The National Science Foundation requires a data management plan to accompany all proposals submitted to the NSF from January 18, 2011 onward (NSF 2016). Despite this organizational wide mandate, most researchers and graduate students are typically not trained in best practices regarding data management, data sharing, or which tools and resources are available for archiving data and metadata. In this post, we answer some common questions you may have regarding data management plans and provide a brief review on free, open-source tools and resources available for handling data.
So, let’s get started!
What is the purpose of a data management plan?
To answer this question, it is best to think about the lifespan of data (and its corresponding metadata) (Figure 1). The amount of information known about data and metadata is at its highest level during the time of data collection/time of publication. Shortly after, specific details about data points, collection, etc. may be lost. Unforeseen things might happen (e.g., fire, floods, hard drive failure) during the lifetime of a researcher that would result in the loss of very valuable information regarding a dataset.
Think about viewing a dataset a year, 5 years, or 10 years after you initially collected the data, how many specific details would you remember without consulting your notes? And if you happen to be like me, you might spend a good hour or two just trying to decipher your own notes! Furthermore, would you remember the exact statistical tests you used for each analysis? This is why data management is extremely important. It allows researchers to safeguard their data, metadata, and any important information regarding data collection against the peril of time. This is to enable future researchers to utilize a dataset with the same amount of knowledge and confidence the data collector had at the point of collection.
A data management plan is simply a document that shows that you, as a researcher, have thought about these issues and have considered the best course of action to safeguard your data over time.
What exactly is metadata?
Simply put, metadata is data about data. It is information about a dataset so that a researcher who has no knowledge about a particular study can look at a dataset and understand how it was collected, what the codes/symbols represent, what are the caveats associated with the data, etc. This should include an in-depth description of why and how the data were collected—this is akin to the methods section of a research article but may be more detailed.
Each column header of the dataset should have an explanation. You, as the data collector, may very well know what TD_mm means but an outsider will definitely not. Similarly, the unit of observation should not be taken for granted. A column may be labeled Length, which is easy enough to interpret on its own, but is the length in question in milimeters, centimeters, meters, or is it something completely different and is in inches? And lastly, always explain what a 0 data point means. Sometimes, a 0 is used to indicate a lack of data. But other times, 0 may be an actual data point. It is very important to differentiate the two.
Where Do I Store My Data?
It has become increasingly common to deposit data onto online repositories for preservation. Lab and field notebooks constitute a primary collection of data. These are then transferred onto a secondary source, typically a computer. Most researchers would probably stop here. But there is an extra step to ensure the safety of your data over time—depositing it into an online repository for future access. Just as your lab or field notebook may be lost in a move, or a fire, or a flood, a hard drive may crash and fail. Now you may do what professors in the past have suggested, which is to keep 3 or 4 copies of your data at different places (your home, your office, a safe, etc.) but this still does not guarantee the safety of your data. An online data repository is a much safer place to store your data because not only is it likely to be backed by several servers all around the world, it also allows for universal access, increased exposure, and guarantees long-term preservation of your data.

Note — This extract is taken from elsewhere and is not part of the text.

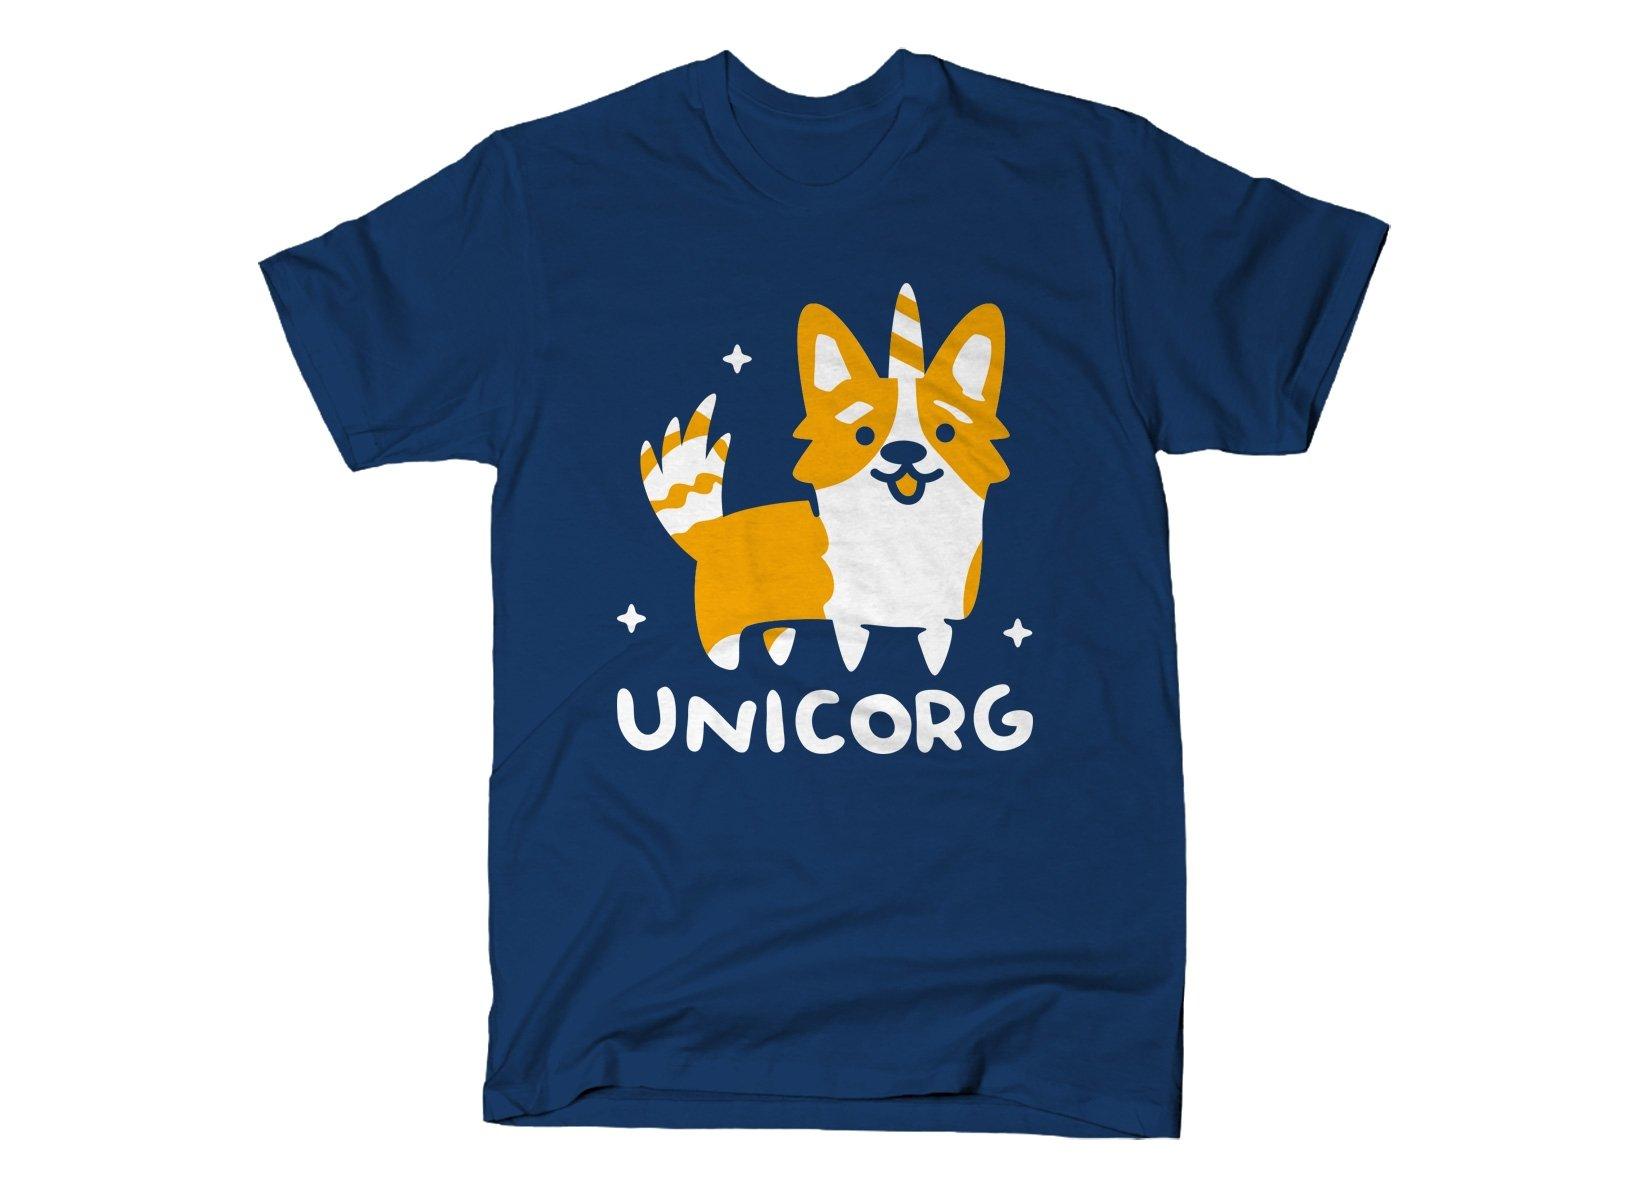 Unicorg on Mens T-Shirt

Depending on your discipline and field, there are different repositories for you to consider. Below are the repositories that I have personal experience with. A simple search online data repository plus your discipline will yield a list of results where you can best store your data.
Social and Behavioral Sciences—the Inter-university Consortium for Political and Social Research (ICPSR) is hosted by the University of Michigan and is likely the largest social science repository (http://www.icpsr.umich.edu/icpsrweb/landing.jsp). If you want or need help curating your data, the ICPSR charges a fee based on your needs. If, however, you have your metadata in place, your data is clean and ready to be uploaded, and you want other researchers to be able to freely access your data, use openICPSR (https://www.openicpsr.org), the free version of ICPSR.
Ecological, Environmental, and Earth Sciences—Check out DataONE (https://www.dataone.org), and the National Ecological Observatory Network (NEON) (http://www.neonscience.org).
Computer Science and Statistical Codes—GitHub
Multidisciplinary—Figshare (https://figshare.com) is a great place to store data for any discipline. It also allows you deposit publications, figures, posters, and presentations to its repository. Best of all, it can create a DOI for any of the above mentioned things.
If you have any data management tips or tools that you have found helpful, please share them in the comment section below. Best of luck on creating your next data management plan!
References
Michener, W.K., Brunt, J.W., Helly, J.J., Kirchner, T.B. and Stafford, S.G., 1997. Nongeospatial metadata for the ecological sciences. Ecological Applications, 7(1), pp.330-342.
NSF. 2016. Dissemination and Sharing of Research Results. Available at: https://www.nsf.gov/bfa/dias/policy/dmp.jsp.